Taming LLMs: Using Executable Oracles to Prevent Bad Code

(john.regehr.org)

18 points | by mad44 3 hours ago ago

4 comments

dktoao an hour ago
"Our goal should be to give an LLM coding agent zero degrees of freedom"
Wouldn't that just be called inventing a new language with all the overhead of the languages we already have? Are we getting to the point where getting LLMs to be productive and also write good code is going to require so much overhead and additional procedures and tools that we might as well write the code ourselves. Hmmm...
[-]
- virgilp 19 minutes ago
  Actually, no. We always needed good checks - that's why you have techniques like automated canary analysis, extensive testing, checking for coverage - these are forms of "executable oracles". If you wanted to be able to do continuous deployment - you had to be very thorough in your validation.
  LLMs just take this to the extreme. You can no longer rely on human code reviews (well you can but you give away all the LLM advantages) so then if you take out "human judgement" *from validation*[1], you have to resort to very sophisticated automated validation. This is it - it's not about "inventing a new language", it's about being much more thorough (and innovative, and efficient) in the validation process.
  [1] never from design, or specification - you shouldn't outsource that to AI, I don't think we're close to an AI that can do that even moderately effective without human help.
- seanw444 25 minutes ago
  Yeah, precision LLM coding is kind of an oxymoron.
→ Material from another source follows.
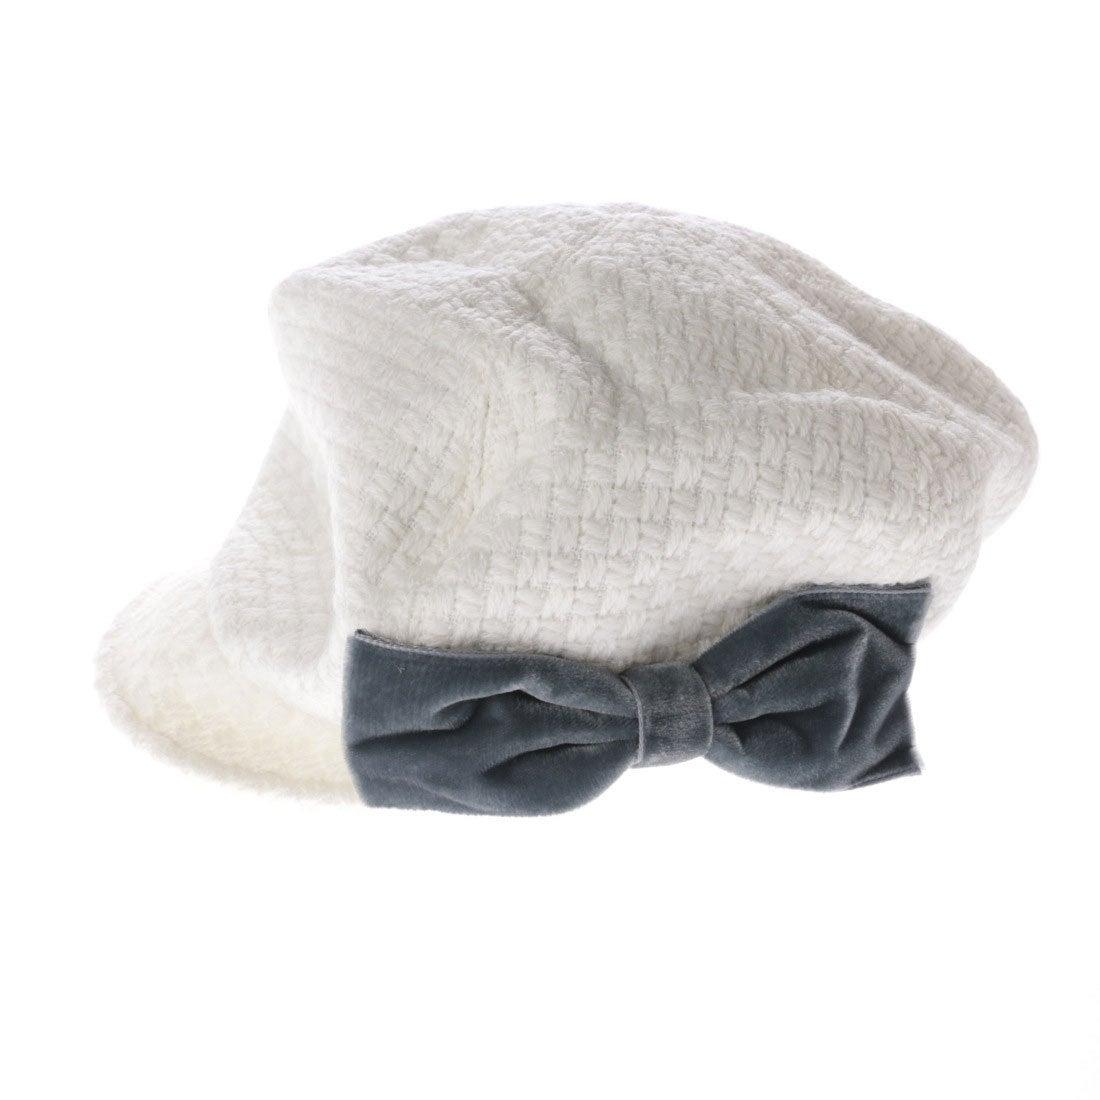 【SALE 70%OFF】セレク コレクション CELEC COLLECTION りぼんキャスケット帽子 (オフホワイト)
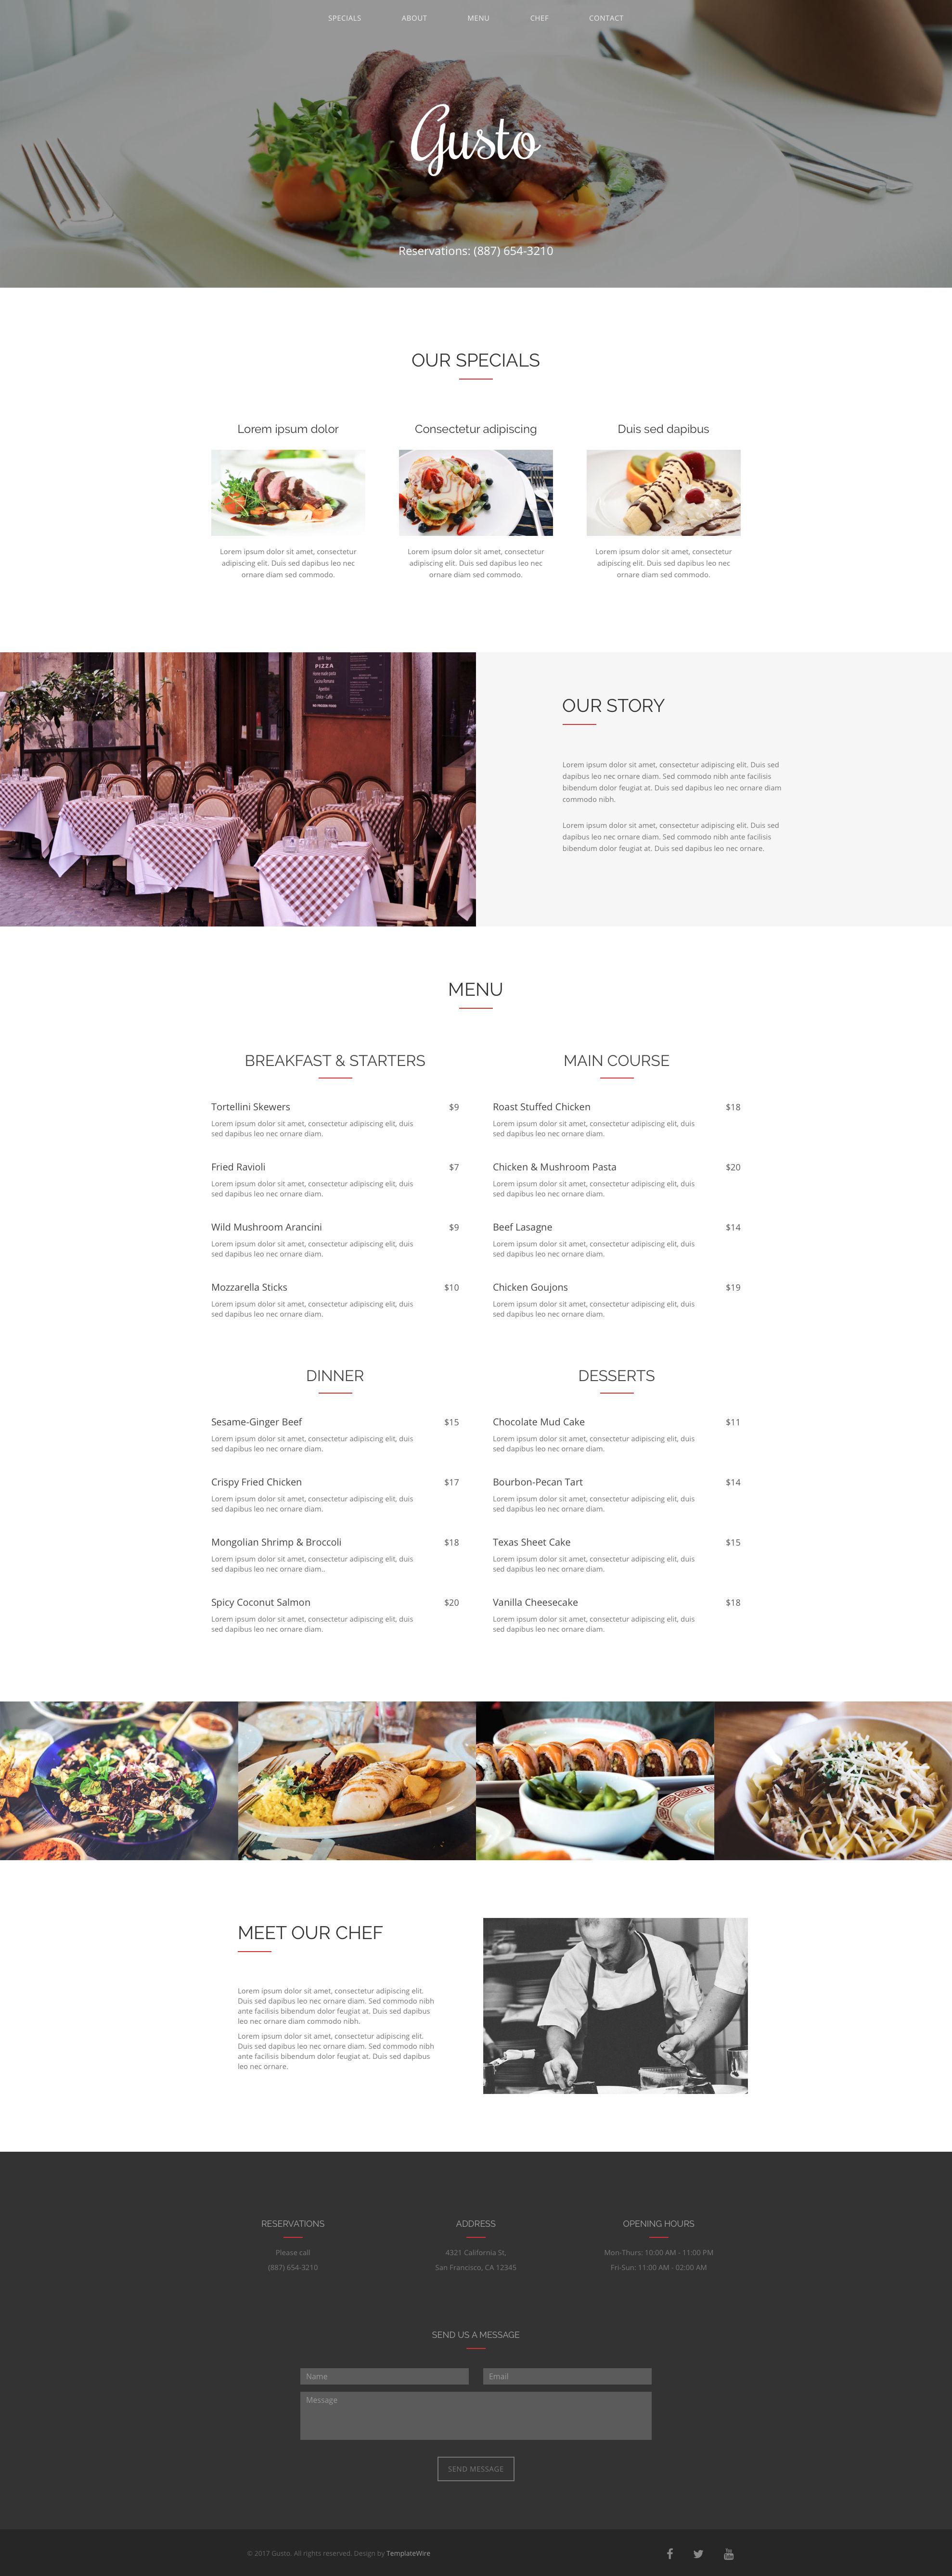 Gusto Free Responsive Html5 Bootstrap Restaurant Template

English language -> codebase is essentially lossily-compressed logic by definition. The less lossy the compression becomes, the more you probably approach re-inventing programming languages. Which then means that in order to use LLMs to code, you're accepting some degree of imprecision.
voxaai 34 minutes ago
ran into this with creative generation. for code, formal constraints work great. but when the quality criteria cant be typed (feels right for this audience, sounds like infrastructure not a toy) constraints made things worse. what worked was competing generators with different objectives, then rank against the brief. the variance from competition was more useful than the precision from constraints.